QEtaLazyAlgebra(C, B)¶

qetaalg.spad line 502 [edit on github]

C: CommutativeRing
B: Join(Monoid, AbelianGroup) with

*: (C, %) -> %

The domain QEtaLazyAlgebra(C, B) behaves like the C-algebra B, but all arithmetic operations are stored as a tree and only performed when the element is coerced back into an element of B.

0: %: from AbelianMonoid

1: %: from MagmaWithUnit

*: (%, %) -> %: from Magma

*: (C, %) -> %: c*x create a new data structure for the multiplication of c with x.
*: (Integer, %) -> %: from AbelianGroup
*: (NonNegativeInteger, %) -> %: from AbelianMonoid
*: (PositiveInteger, %) -> %: from AbelianSemiGroup

+: (%, %) -> %: from AbelianSemiGroup

-: % -> %: from AbelianGroup
-: (%, %) -> %: from AbelianGroup

=: (%, %) -> Boolean: from BasicType

^: (%, NonNegativeInteger) -> %: from MagmaWithUnit
^: (%, PositiveInteger) -> %: from Magma

~=: (%, %) -> Boolean: from BasicType

coerce: % -> B: coerc(x) turns the lazy data structure back into an element of B.
coerce: % -> OutputForm: from CoercibleTo OutputForm

coerce: B -> %: coerce(b) embeds element b into this domain.

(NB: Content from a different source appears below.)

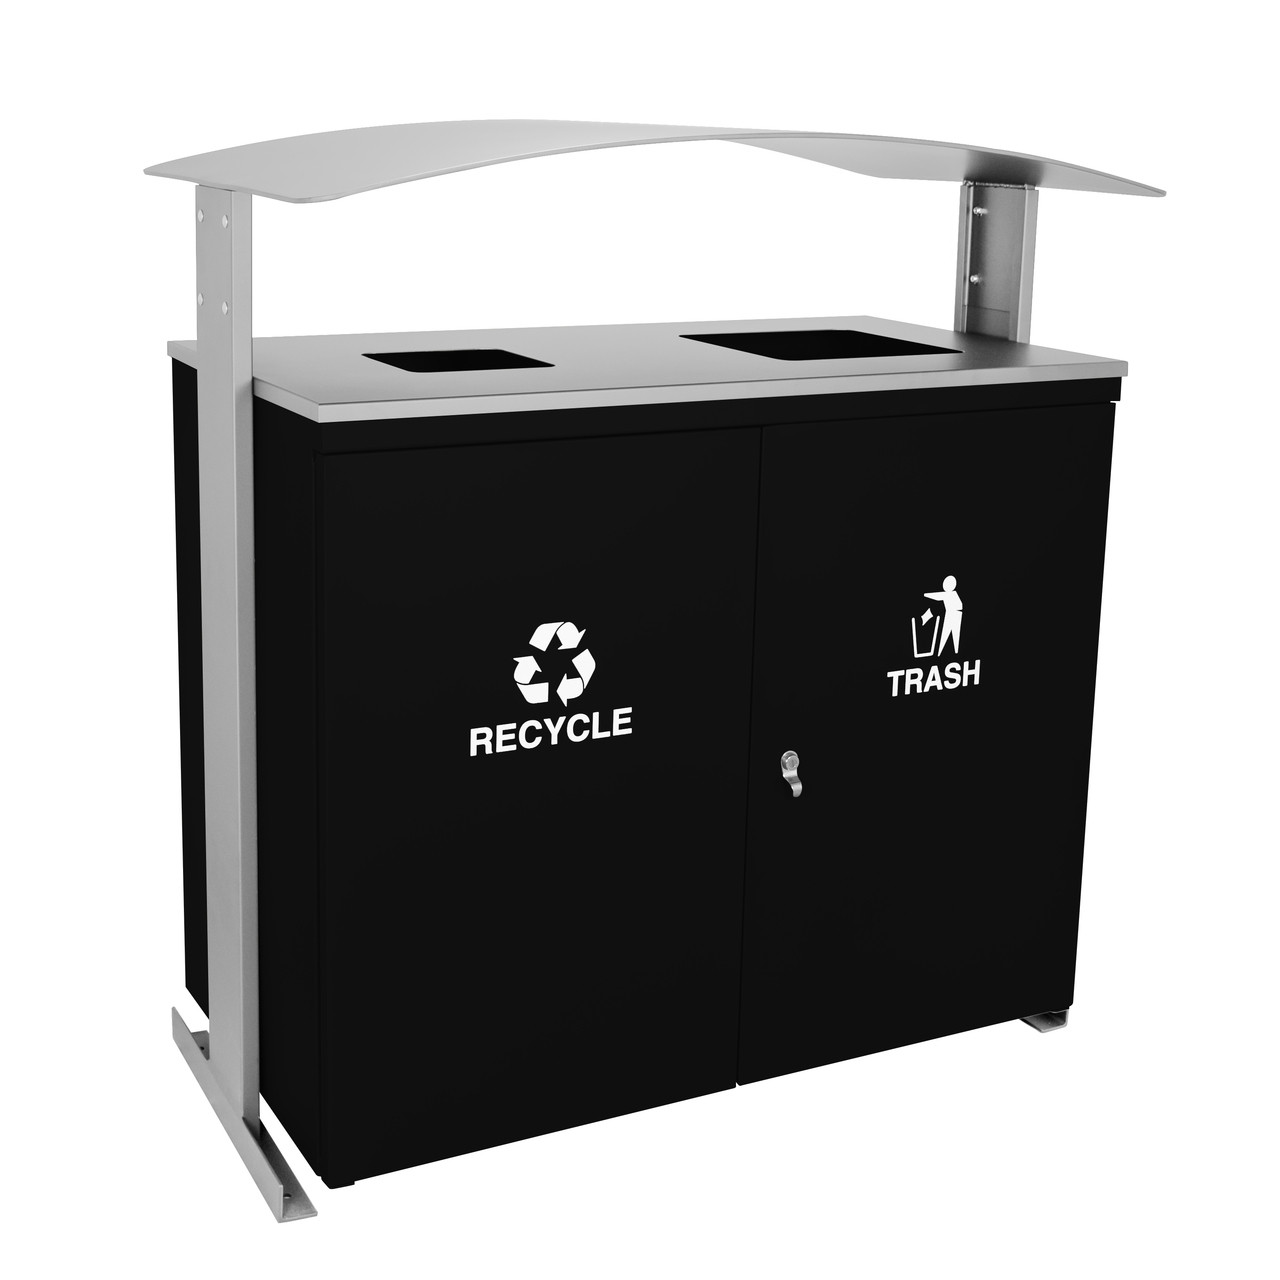 90 Gallon Ellipse Dual Recycling Bin RGU-3645 BLK/HMGX BLACK

latex: % -> String: from SetCategory

leftPower: (%, NonNegativeInteger) -> %: from MagmaWithUnit
leftPower: (%, PositiveInteger) -> %: from Magma

leftRecip: % -> Union(%, failed): from MagmaWithUnit

one?: % -> Boolean: from MagmaWithUnit

opposite?: (%, %) -> Boolean: from AbelianMonoid

recip: % -> Union(%, failed): from MagmaWithUnit

rightPower: (%, NonNegativeInteger) -> %: from MagmaWithUnit
rightPower: (%, PositiveInteger) -> %: from Magma

rightRecip: % -> Union(%, failed): from MagmaWithUnit

sample: %: from AbelianMonoid

show: % -> OutputForm

size: % -> Integer: size(x) returns a concept of the size of the object.

subtractIfCan: (%, %) -> Union(%, failed): from CancellationAbelianMonoid

zero?: % -> Boolean: from AbelianMonoid

AbelianSemiGroup

CancellationAbelianMonoid

CoercibleTo OutputForm